Am Wohngeld hängt viel Geld

Die war dann ein Stichwort für den Finanzexperten Herman-Josef Tenhagen („Finanztipp“). Der monierte, dass vieles vom Entlastungspaket erst im nächsten Jahr greife, „die Leute brauchen das Geld aber jetzt!“ Als rasche Handlungsmöglichkeit gab Tenhagen dann aber den Service-Tipp, selbst Wohngeld zu beantragen, und es sei ein „Ärgernis“, dass dies nur jeder zweite Berechtigte auch tue. Dabei hingen am Wohngeld auch andere „richtig große Summen“, etwa der Anspruch für die Zeit vom September bis Dezember auf eine zusätzliche Heizkostenunterstützung von 415 Euro (Single-Haushalt) oder der von Januar an maximal 250 Euro betragende Kinderzuschlag, der neben dem Kindergeld bezahlt wird.

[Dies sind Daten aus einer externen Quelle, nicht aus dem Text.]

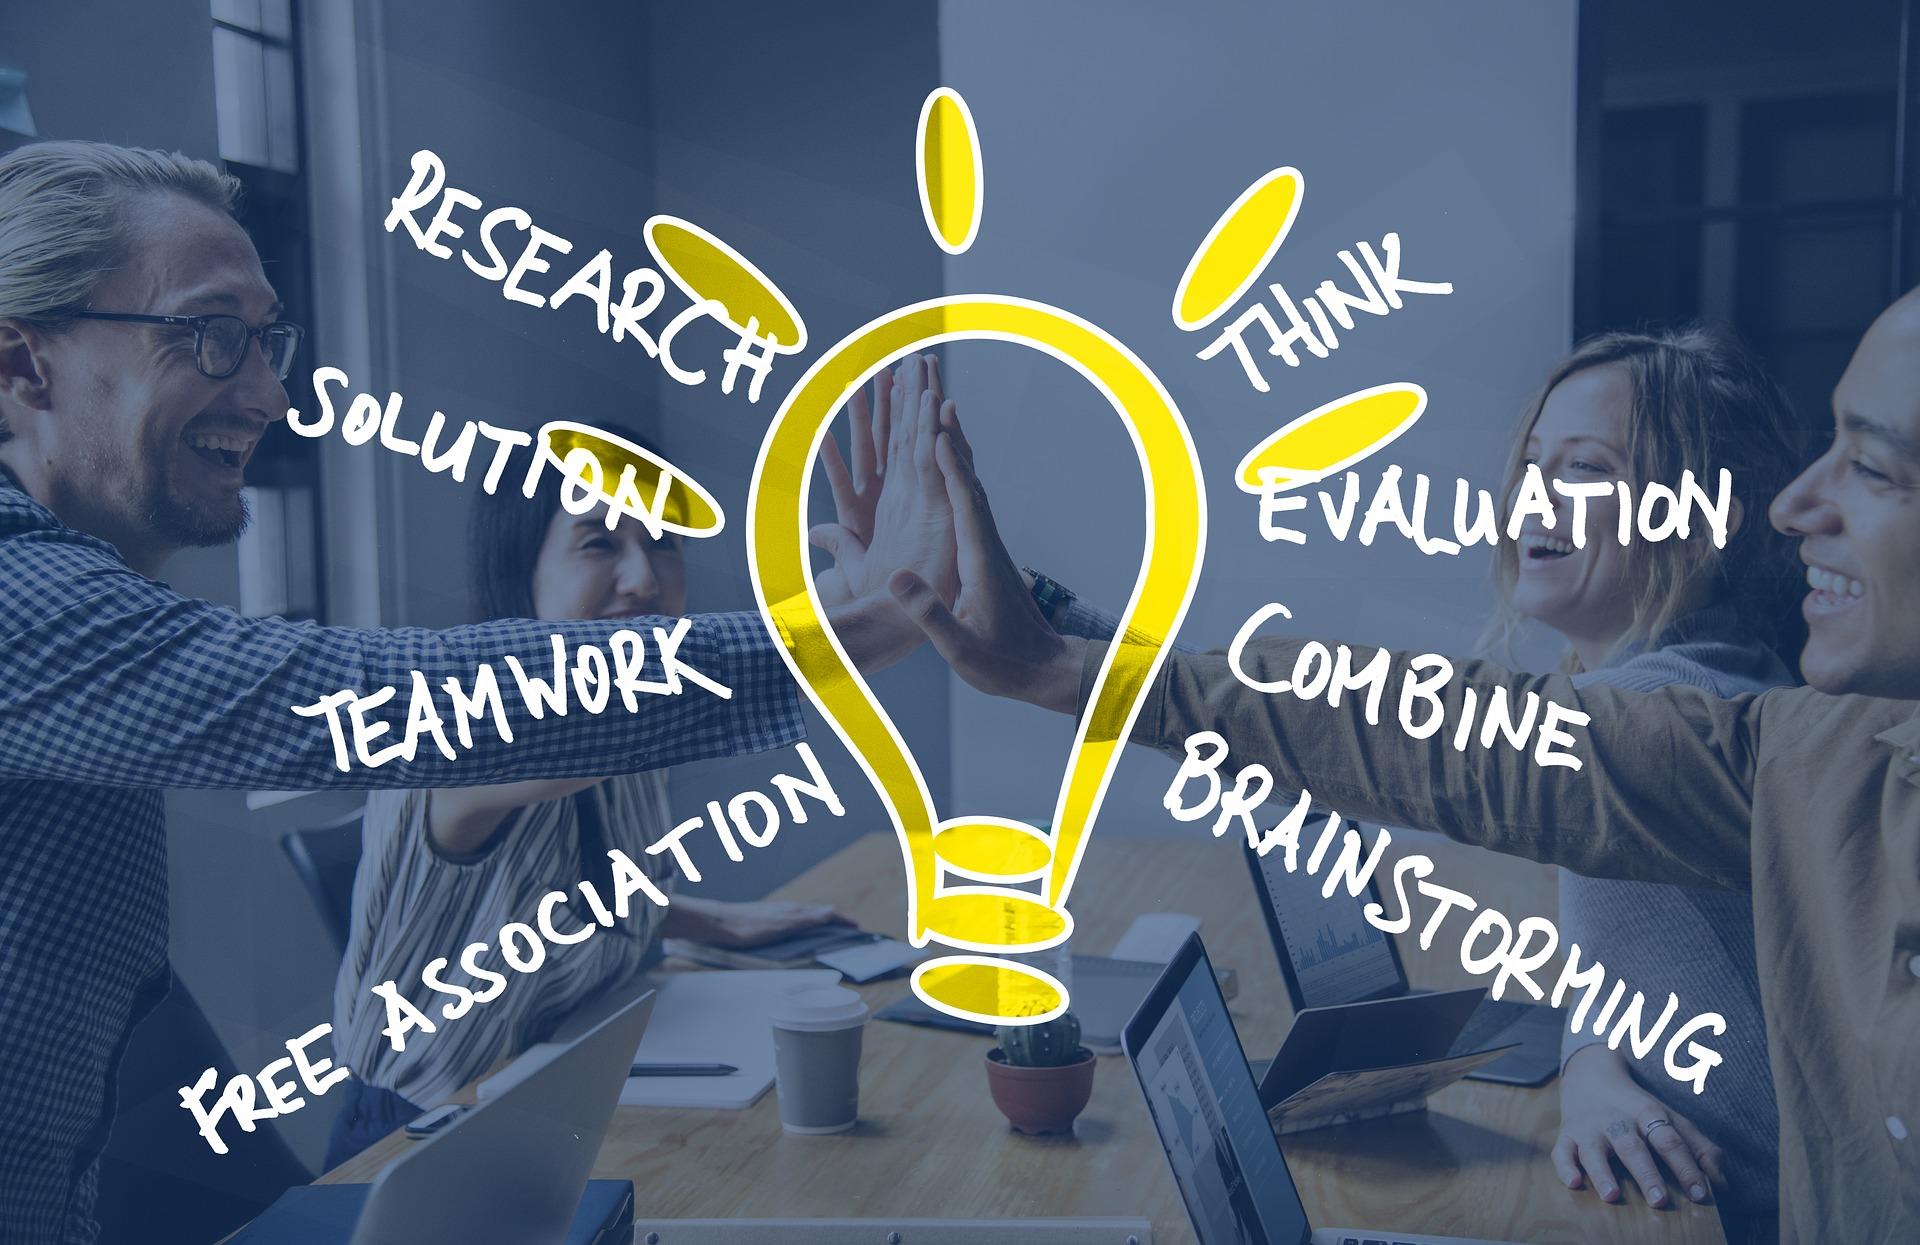 brainstorming-3664207_1920.jpg

Dickes Lob für Spahn – ironisch?

Gewinner der Sendung war sicher Jens Spahn, der ein Comeback in der Talkrunde feierte. Spahn dozierte über die 18 Milliarden Euro auf dem Konto der EEG-Umlage, die man seiner Ansicht nach sofort nutzen könnte, um die Netzentgelte und die Stromsteuer zu senken. Und SPD-Minister Heil bescheinigte ihm, dass Spahn vor einem Jahr bei Maybrit Illner gesessen habe und gesundheitspolitische Themen „hoch und runter“ gebetet habe, jetzt tue er das Gleiche mit der Energiepolitik. Inwieweit da Ironie hinter steckte, war nicht so leicht erkennbar.